Grammar Woman Walks in the Rain
Rain fell on me, never on I. |
“A gentle, refreshing rain fell on the dogs
and I . . .” No, that’s wrong. It’s not “the rain fell on . . . I, it’s the
rain fell on . . . me.” Try again, Grammar Woman, I said to myself. “A gentle,
refreshing rain fell on the dogs and me as we took our early morning walk. ”
Summer heat and
humidity mean earlier and earlier walks, but even at 7:45, it was getting
steamy. When the rain started falling, my first instinct was to bolt. But to
where? I was at least a half-mile from home and had a 50+-pound dog on a leash
at the end of each wrist.
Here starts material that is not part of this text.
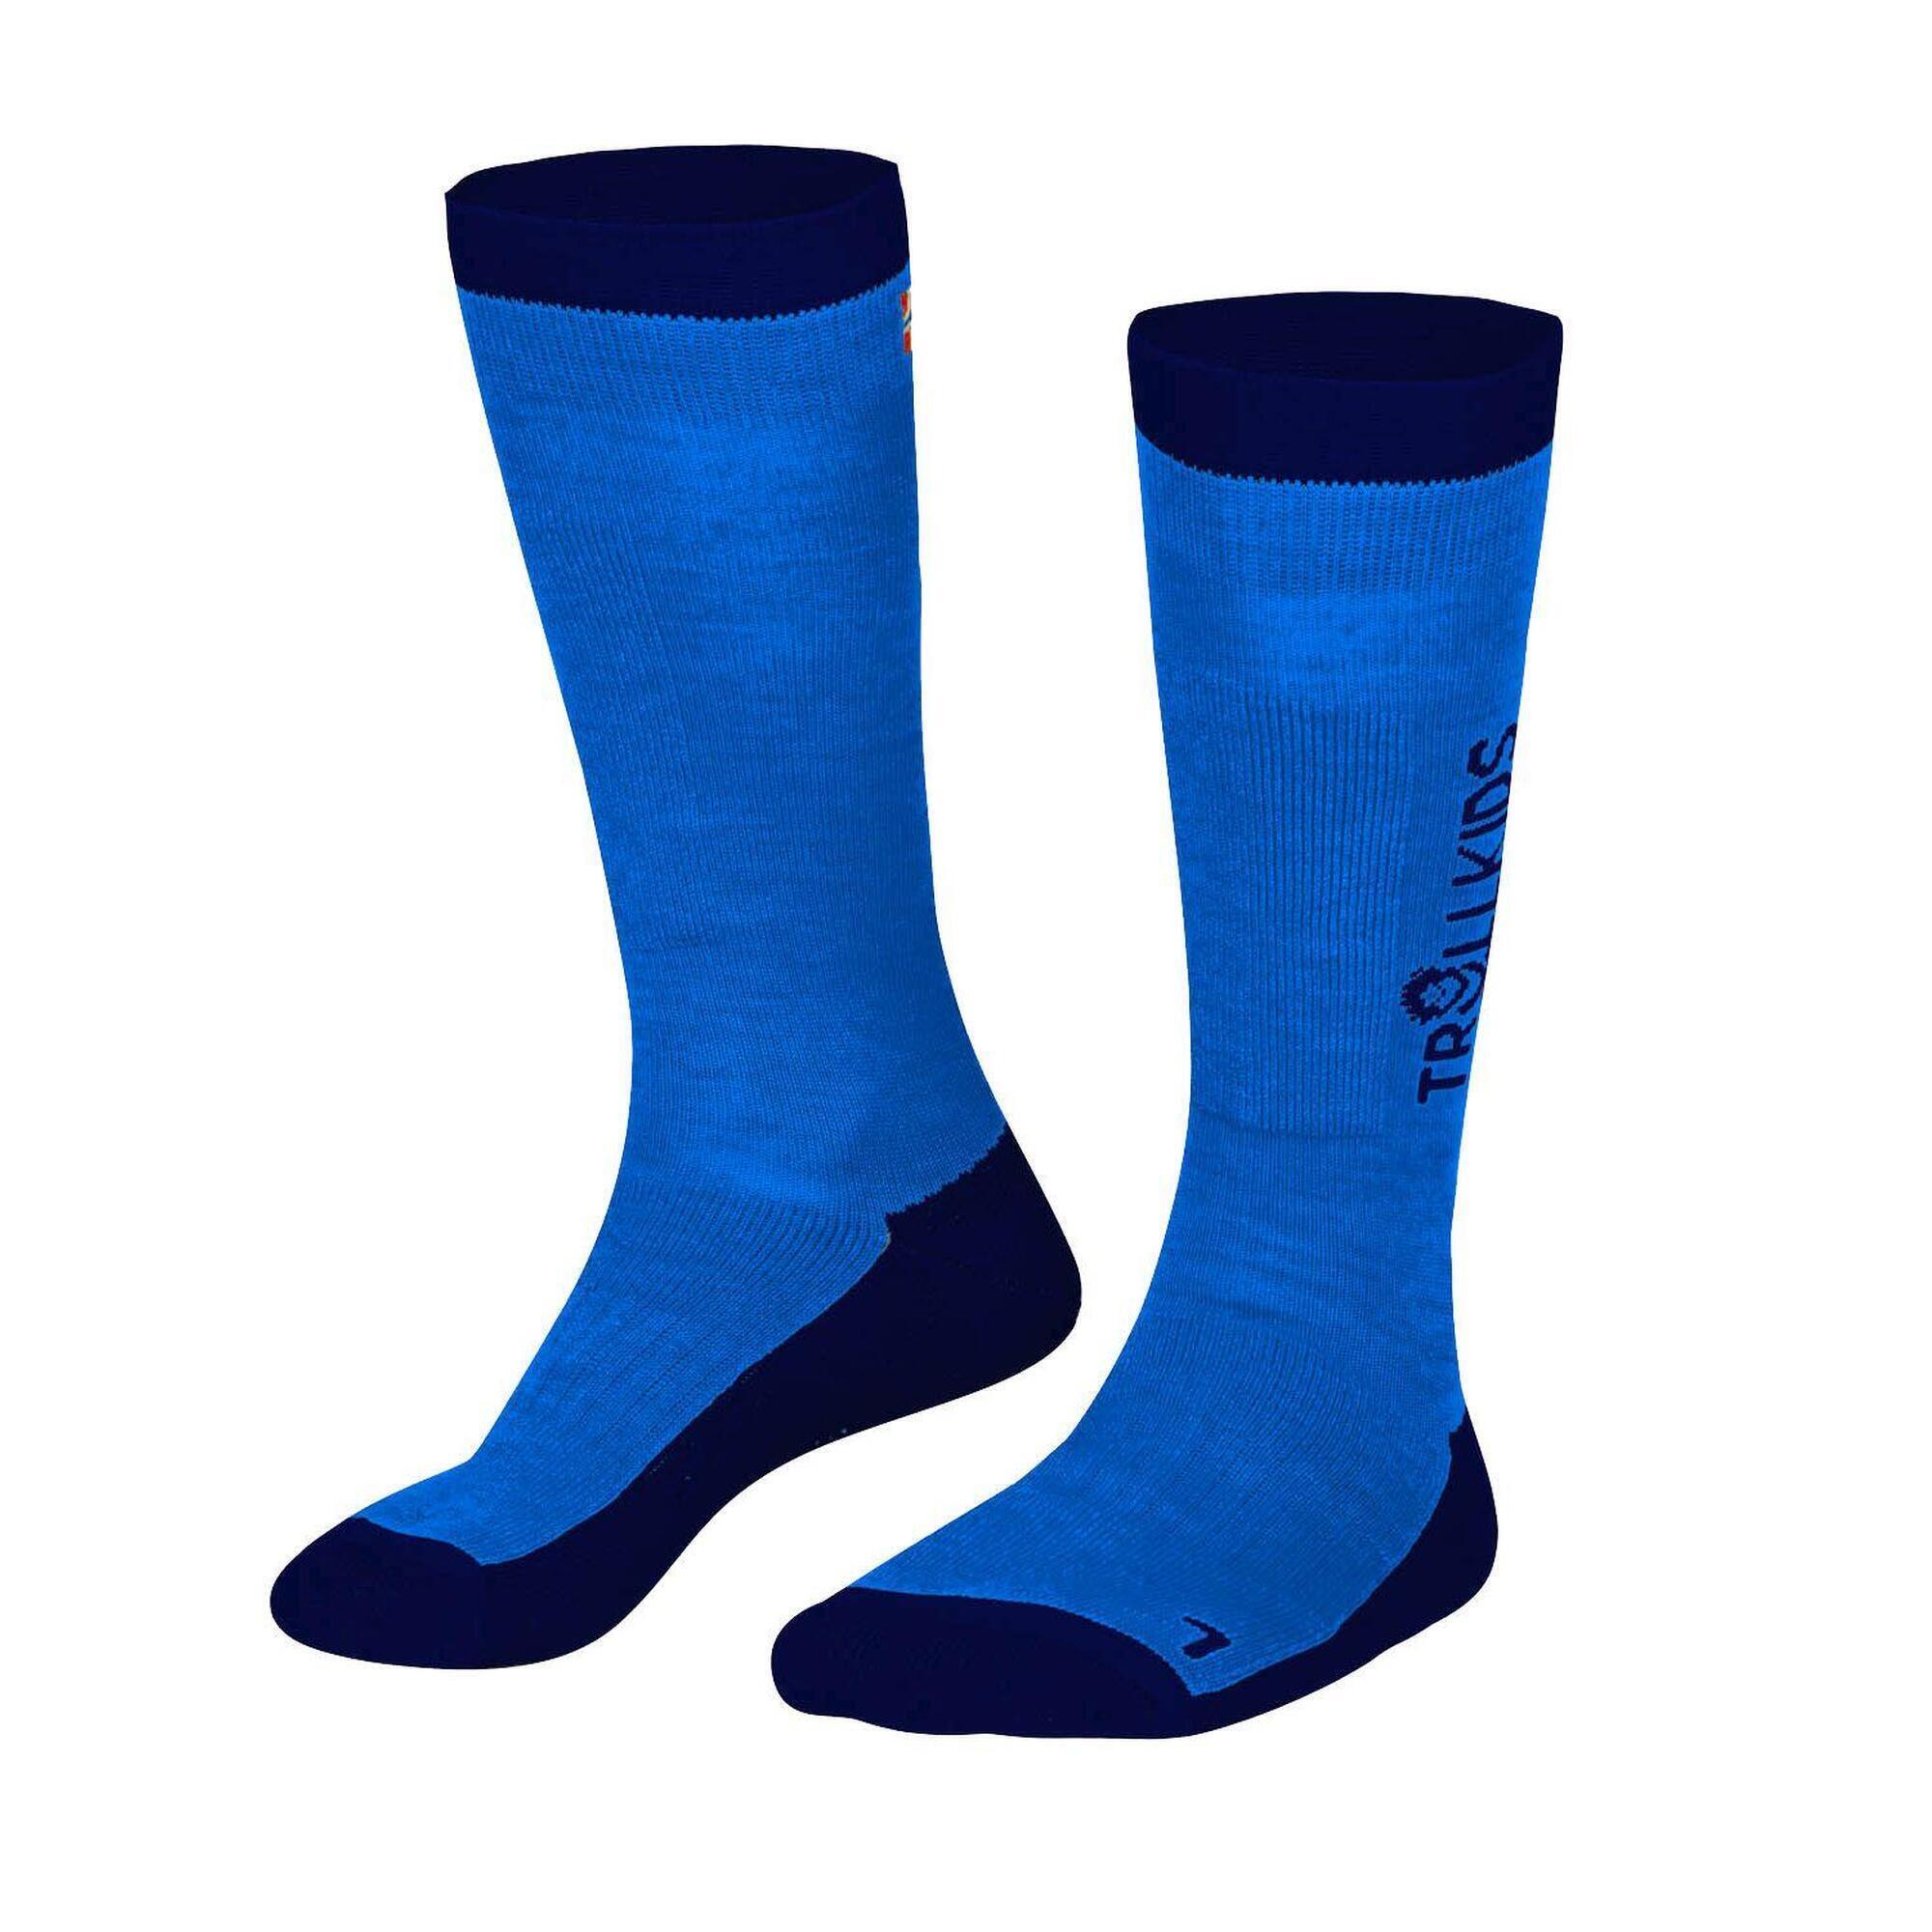 Комплект носков Trollkids Ski, 2 пары, синий/темно-синий комплект носков uniqlo темно синий

There would be no bolting, unless one of them spied a
rabbit.
It seems almost
hokey zen to write these words, but they’re true: I decided to simply embrace
the rain and continue our walk, rather than sprint the rest of the way.
Cool raindrops
dotted my shoulders and arms as we continued toward home.
Why are we humans so
reluctant to walk in the rain? Why do we feel the need to dash to the nearest
shelter? I considered just walking, walking in the rain.
It was then that today’s
story began forming: “A gentle, refreshing rain . . .” It was then that I
changed into Grammar Woman Walking as I corrected pronouns with the red pen in
my brain. The rain falling on “I” became the rain falling on “me,” and the
words I now write formed before I arrived home to put them on the page.
Grammar Woman writing, after walking. |
As I sit on the
porch, coffee at my elbow, I look outside my covered space and see that once
again, a cooling rain is falling, but not on me, and certainly not on “I.”